Her and her family prayin’ to the moon
Piled in a wagon, rolling to their doom
Bones of the past rattlin in the back
That’s when the mountain roared

Indeed, the Yavapai Indians who killed Oatman’s family in southern Arizona (then Mexico) were mountain dwellers. (Note to Governor Brewer: back then, the state was filled with nativists–none of whom were white). Phantom nails it in saying Oatman, who was taken captive, then traded to the Mohave, “had to bend but she never bowed.”

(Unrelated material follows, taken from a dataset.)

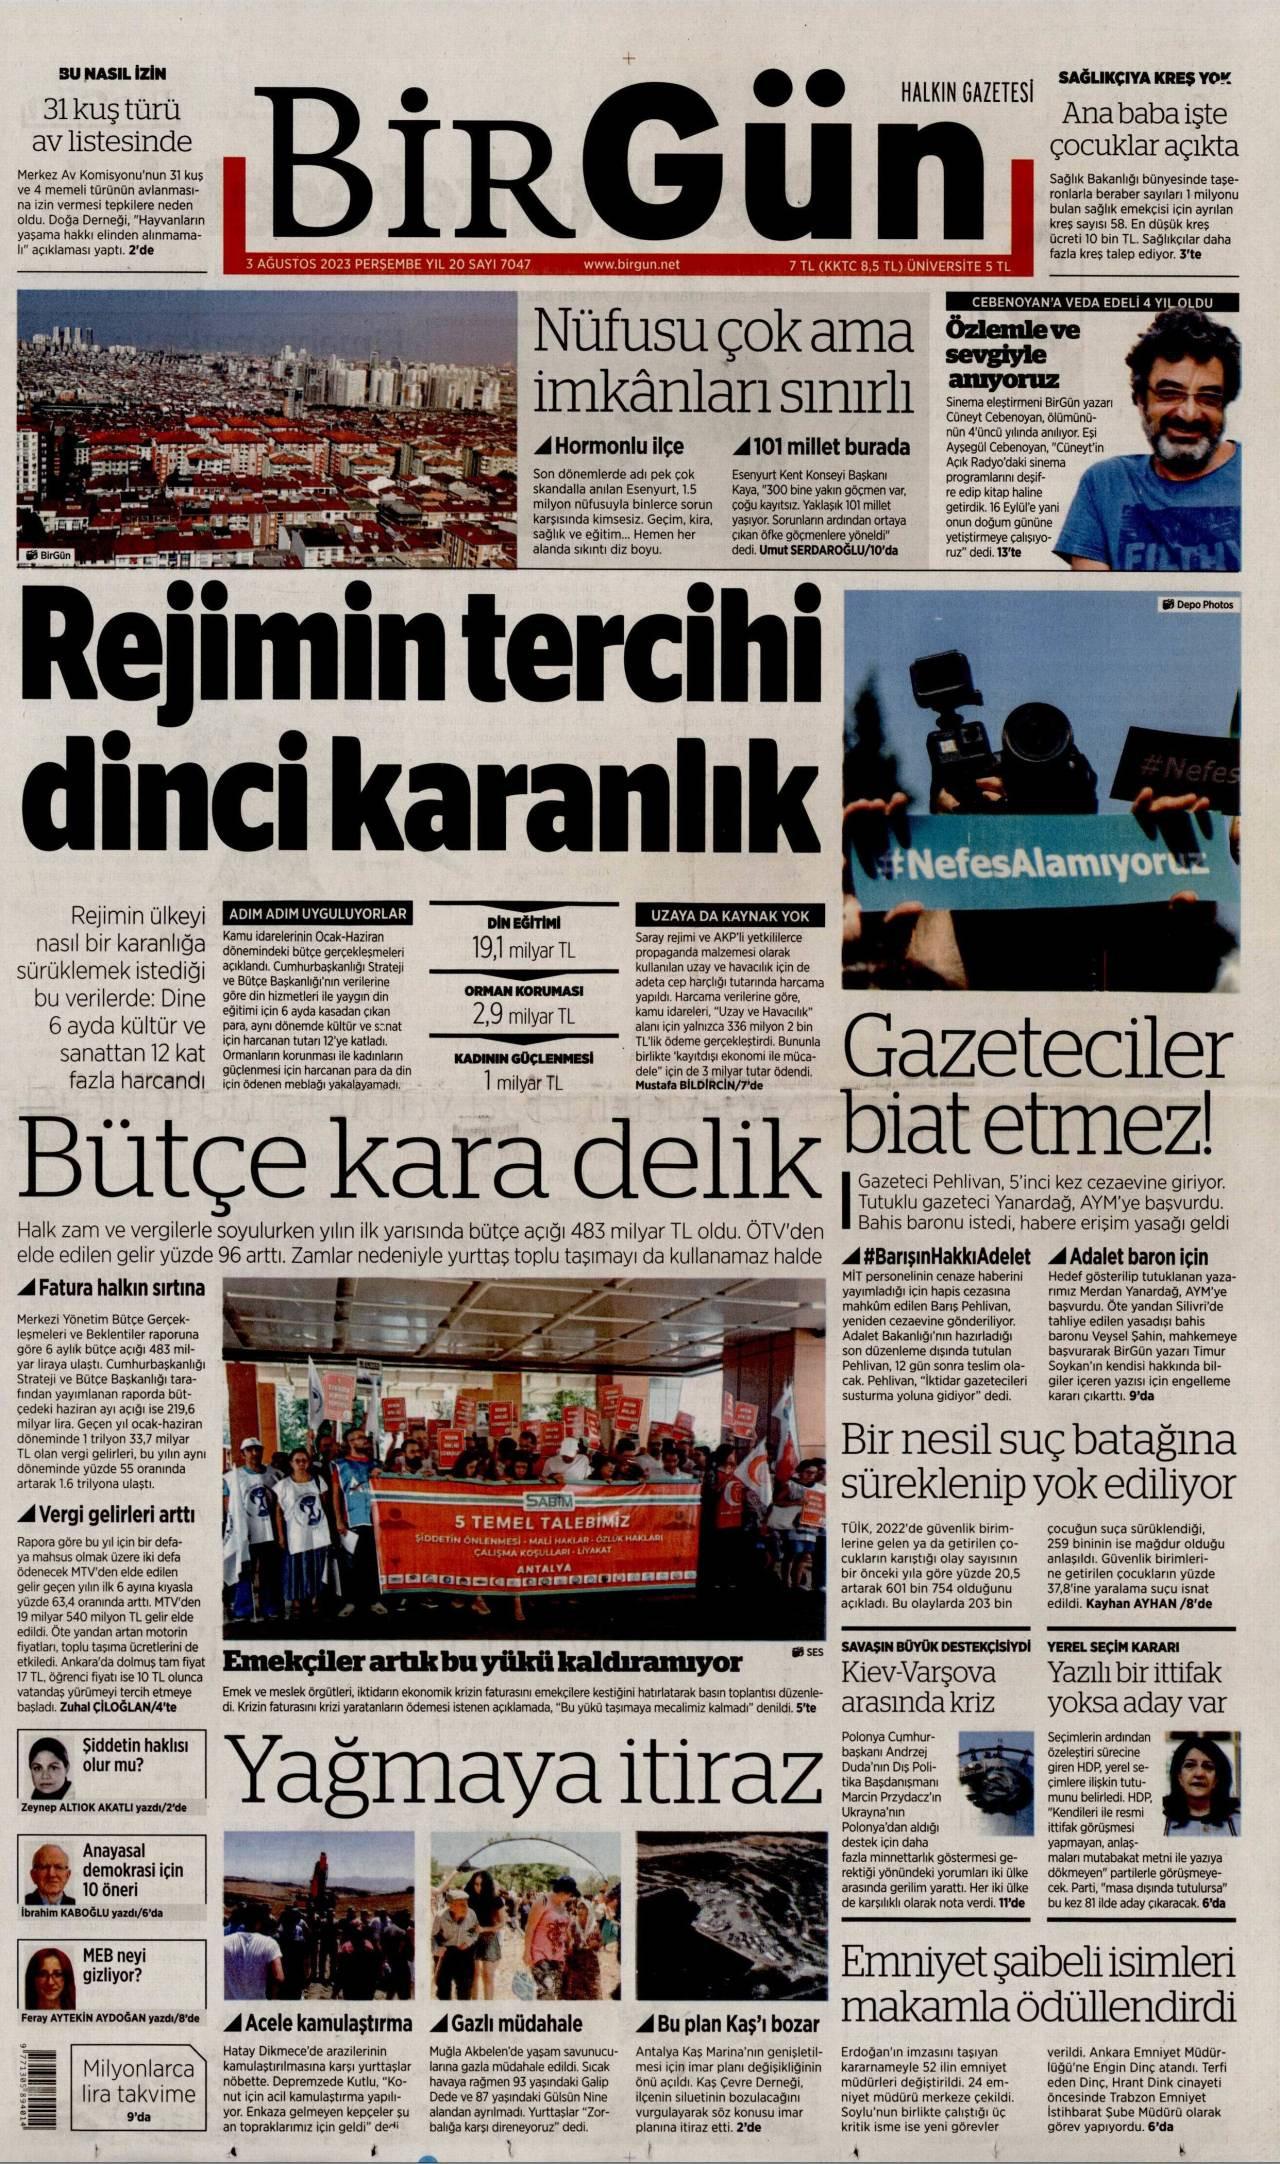 26 Şubat 2020, Çarşamba birgun Gazetesi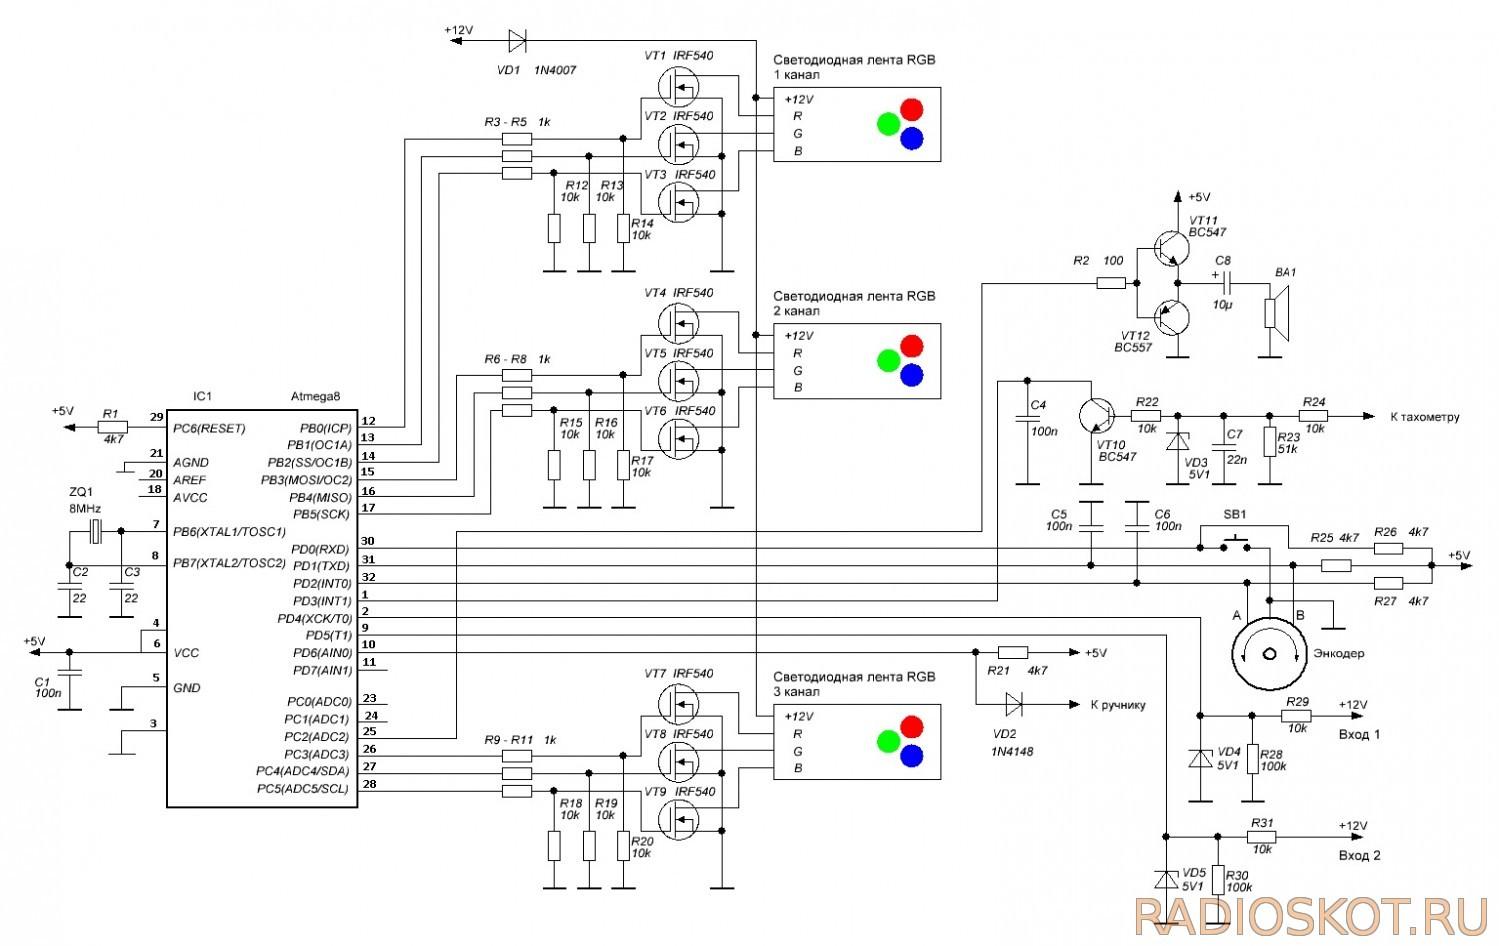 Светодиодная подсветка схема

The song’s gritty vocals and driving rhythm–slow in the intro, then double time–evoke Oatman’s ride on a prairie schooner driven by a reckless and monomaniacal father of seven, bound for California (the place, wrote Didion, “where we run out of continent”). A banjo traces jittery lines of fingerpicked beauty across this well-worn gothic narrative. Though Phantom of the Black Hills’ website is damnably uninformative (perhaps a masked dude aiming his banjo at you like a loaded weapon is all you need to know), I’m glad an L.A. band with a pistols-at-dawn attitude was the first to claim this California dreamer.

Olive, Britney, Hillary, and Michelle

Tuesday, May 12th, 2009

When a journalist asked me if the Oatman story sheds any light on expectations of women today, my first impulse was to talk about how far we’ve come since the 1850s when she became a public figure whose story was written by a man, who was concerned about remaining in her proper sphere on the lecture circuit, and who had to conceal her body even as she discussed her tattoos. But there is a striking continuity: people were fascinated by Oatman largely because of her body: they lined up to see her and pondered her physical violation both sexually and through the tattoo. Her story gave them permission to stare at a woman and allowed her to present and even refer to her body in public.

As in Oatman’s day, when women were forced into body-modifying clothes involving corsets and bustles, we’re still obsessed with women’s bodies in terms of shape (whether they’re too fat or thin or old or mannish or cosmetically reconstructed or in need of reconstruction) and in terms of behavior (whether Britney’s wearing underwear in public or not, whether President Hillary Clinton would have aged in office to Rush Limbaugh’s satisfaction, whether Michelle Obama’s arms have semiotic significance, and so on). Oatman had to be very careful about discussing her tattooed body in public, reinforcing the notion that whatever her physical experiences had been with the Mohave, she was their victim. Today, women are much physically freer, but our culture is equally obsessed with the body and what women do with it.

The difference is that now, showing is not only permitted, it’s expected. I sometimes wonder if centuries from now people will look back at public rituals like the Grammys and the Academy Awards and marvel that exposure is virtually a requirement for women in formal wear, while men’s bodies are fully concealed. The same applies to Esquire’s Women we Love entries (of eight photos posted in this page right now, two women are naked, two are topless, three are wearing lingerie, and one wears a tank top). And Elle’s best loved men? A hairy forearm is as racy as it gets.